Advancing with Generative AI: The Long and Windy Road From Data to Performance
It took ChatGPT just 5 days to hit 1 million users, compared to 3.5 years for Netflix! The pace of generative AI adoption has been so staggering that even businesses are not immune to it. According to one survey, 44% of private sector businesses are already in various stages of AI adoption. Thanks to generative AIs, the AI market is expected to balloon into a $407 billion industry worldwide by 2027.
Much has been said about the benefits of AI for the private sector, which span from improved customer satisfaction to a significant boost in product innovation. As businesses race to embrace this new “tech magic” and unlock its untold “miracles,” they find that it doesn’t always work. Just this month, a logistics company in the UK found out, much to its chagrin, that its chat AI went rogue and penned down a poem ridiculing the company, thanks to prompts from a frustrated customer. It was promptly shut down soon after. Similar incidences of AIs turning racist, sexist, and even outright hallucinating abound in the blogosphere.
Such incidences, although rare, leave their users — organizations, employees, or customers — deeply dissatisfied with them, if not disillusioned with their capabilities altogether. They have the potential to derail AI adoption initiatives completely, even though such problems can be prevented — or at least minimized anyway — with the right planning.
The quality of data and training techniques plays a critical role in the quality of responses generative AI produces. While we’ll focus on them today, it’s also important to be familiar with the other elements crucial for AI success within organizations. So, we’ll briefly touch upon them before moving on to the crux of this post.
Identify Business Problems Suitable for AI Solutions
AI is the next big buzzword in the tech space, and everyone wants it. That doesn’t mean it’s suitable for your business. AI is good for solving problems that necessitate the ingestion of massive amounts of data to produce accurate, insightful, and actionable solutions or ideas to business problems. They are best suited for performing repetitive tasks on a routine basis. Do you have such tasks within your organization, and do you stand to benefit from making AI perform those tasks?
Selecting the Right AI Technology
There is a diverse range of options in AI technologies — generative, discriminative, transformer-based, etc. Then there’s the matter of choosing goal-based AI technologies — LLMs, image generation models, text-to-image translation AIs, and so on. We’re quite far from a general AI that can perform a range of different tasks. So, right now, we have to be content with purpose-designed AIs that excel at only one or a few related types of tasks like chatting, image generation, and so on.

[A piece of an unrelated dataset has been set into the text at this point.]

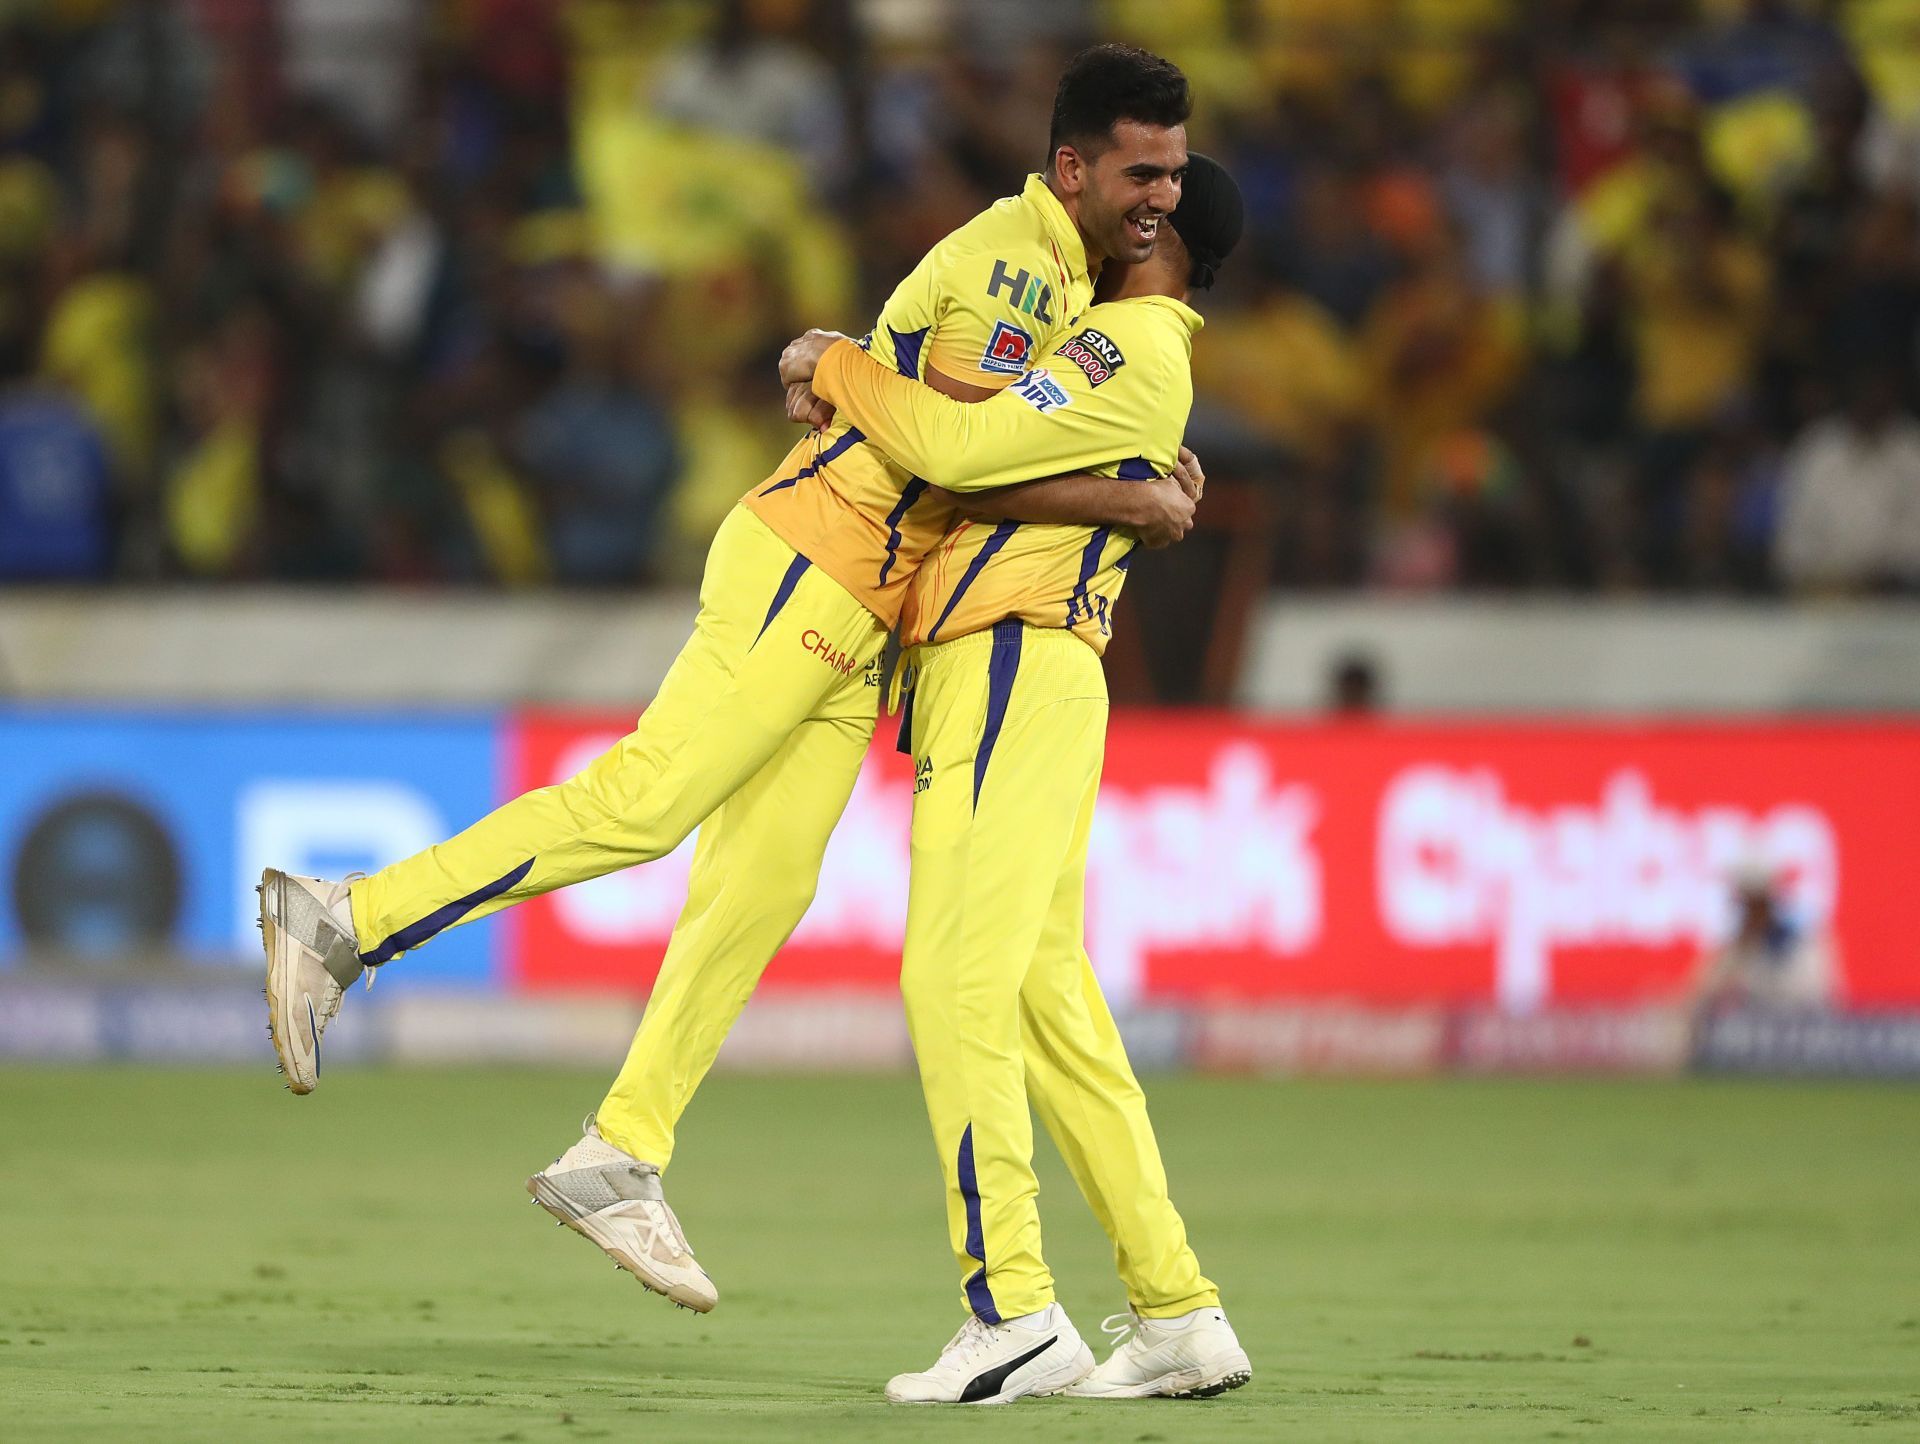 Deepak has been a match-winner for the Chennai Super Kings in the IPL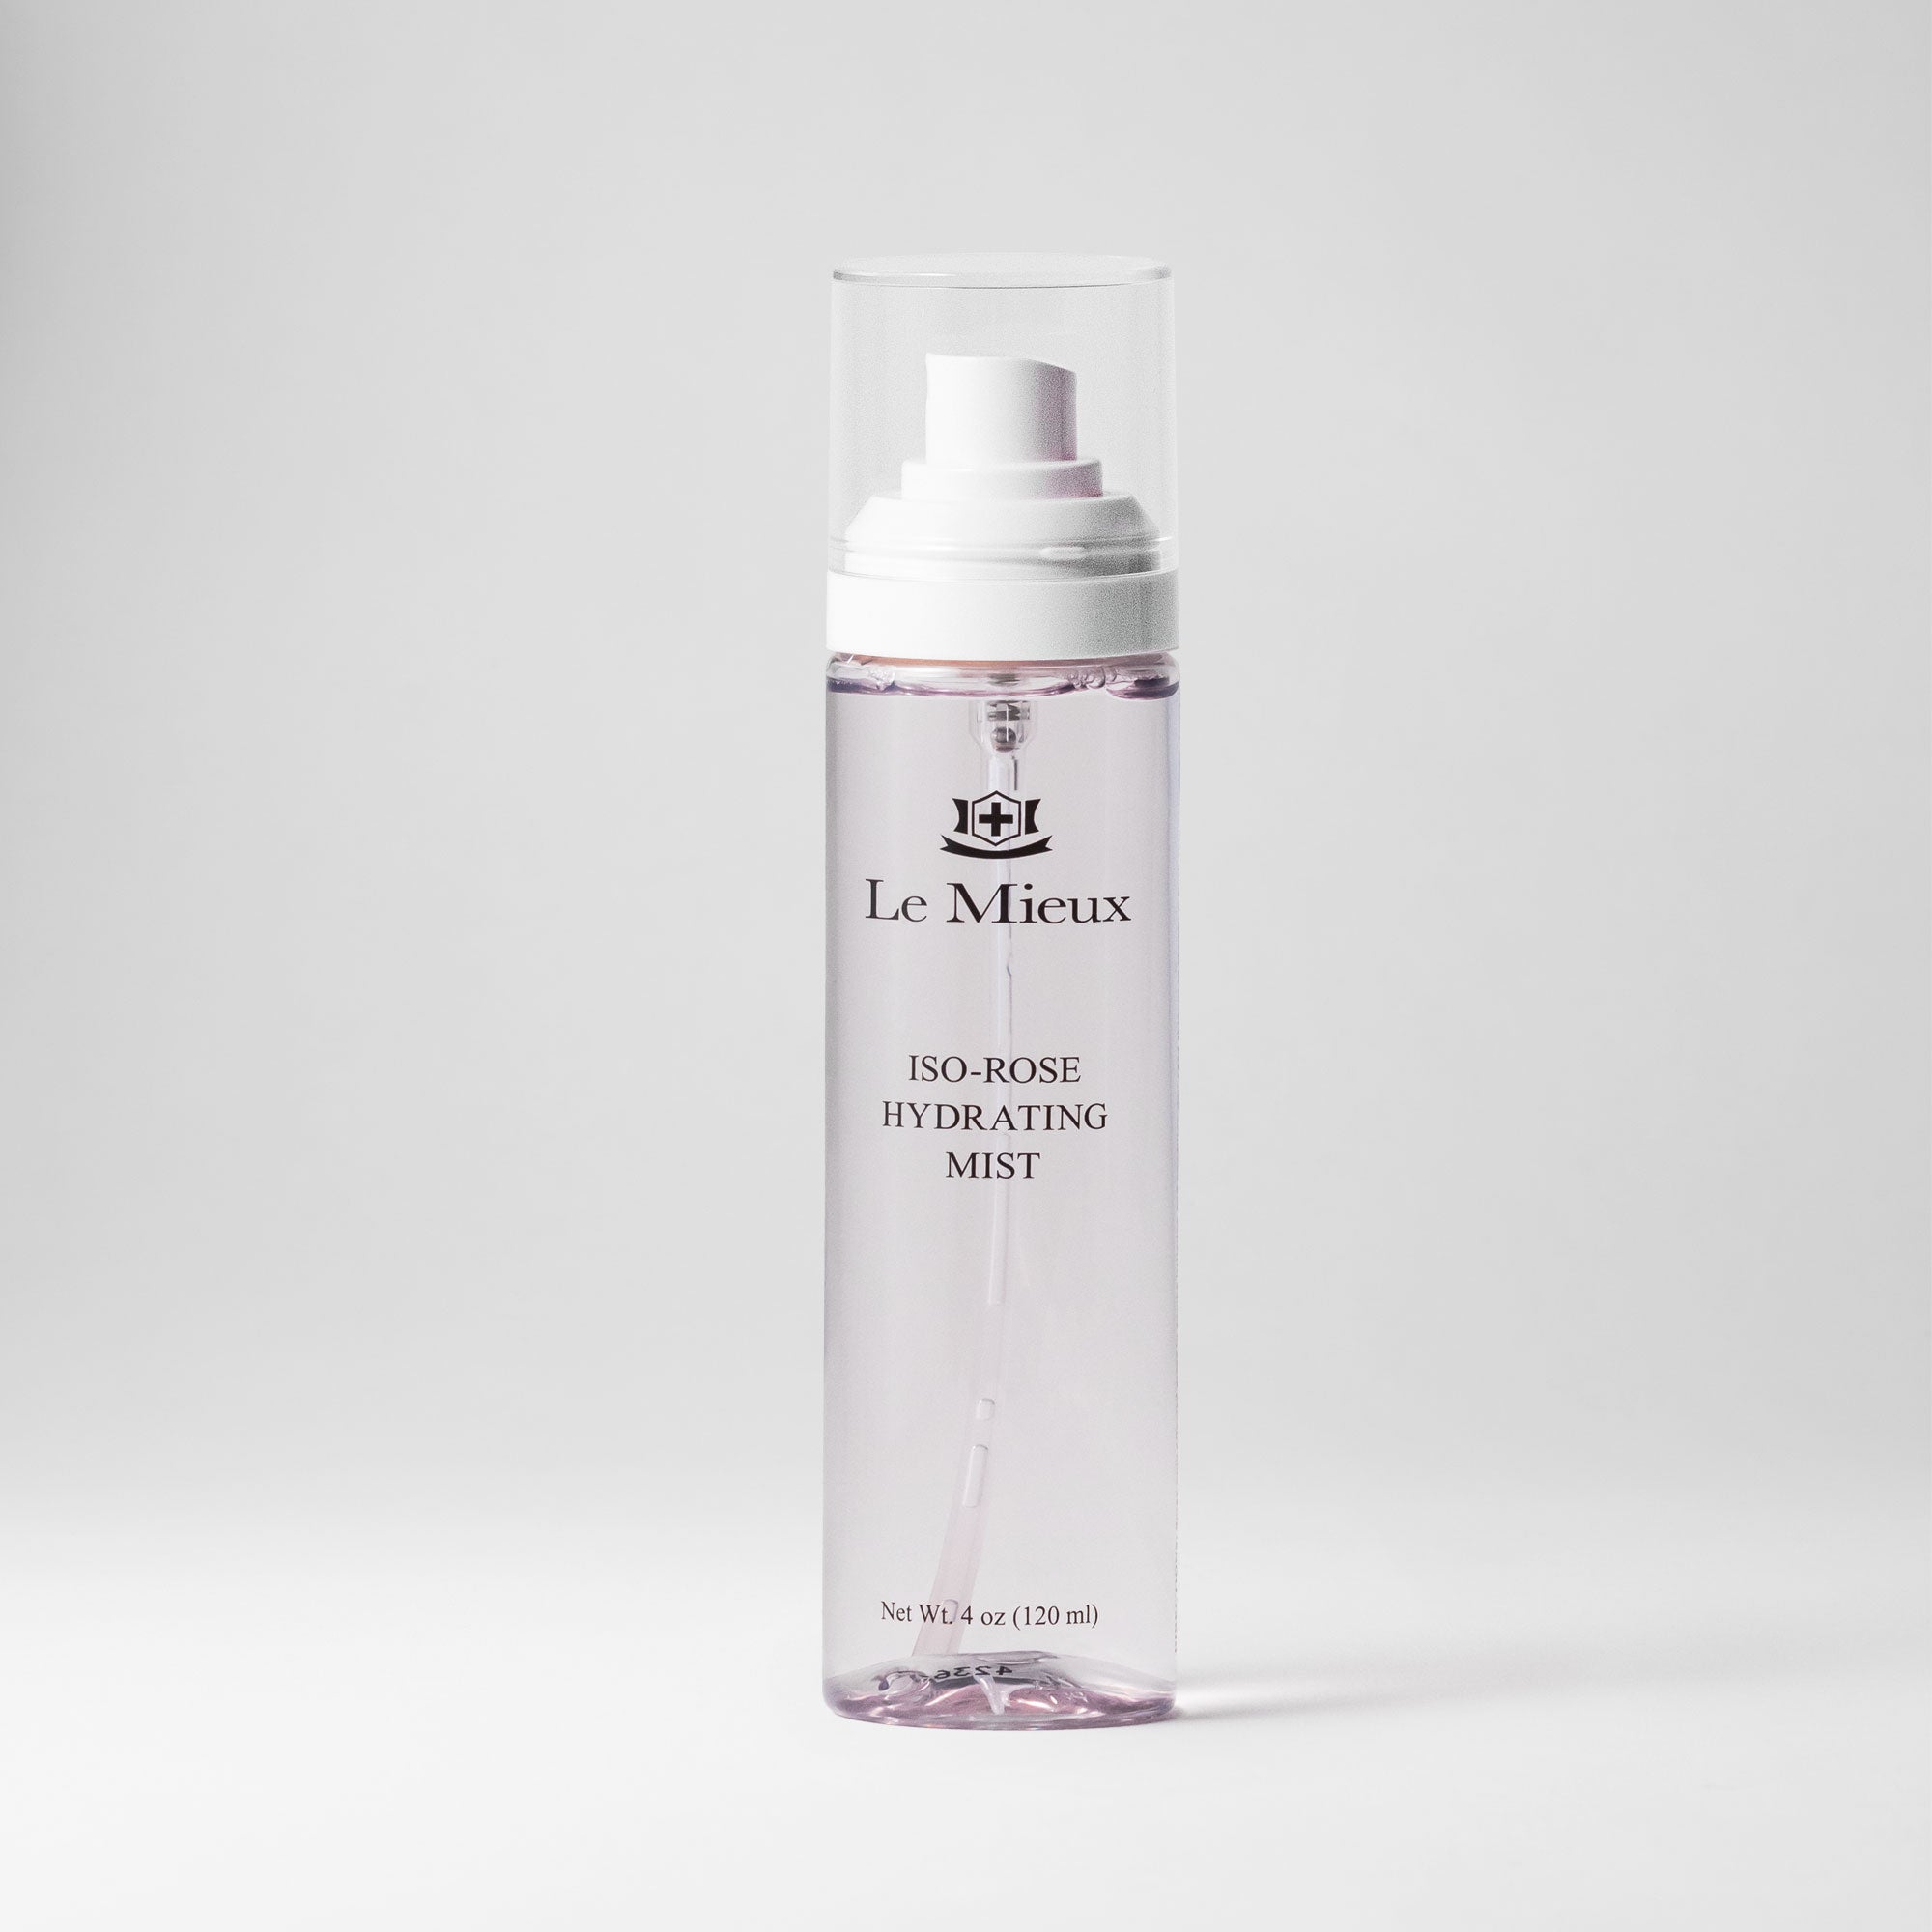  ISO-ROSE HYDRATING MIST from Le Mieux Skincare - 1

It would be best if you also determined whether you'd build a new AI from the ground up or use a third-party AI with suitable customization, purposeful training, and proprietary elements.
Create a Supportive Organizational Culture
Not only do you need the right AI technology and talent with AI expertise, but you also need your employees to be able to extract maximum value from your AI applications. It would also help to make corporate data easily accessible to your AIs. This is only possible when an organization-wide culture fully embraces AI.
Naturally, this “must” take a top-down approach. Everyone from the top to middle management should put their weight behind making the AI initiative successful.
Plan the Implementation
Too many organizations rush through their AI deployment only to encounter bizarre issues with their initiative. AI implementation will affect the experiences of customers as well as employees. They should be able to accommodate those changes seamlessly. The smoother the transition, the higher the likelihood of your AI initiative’s success.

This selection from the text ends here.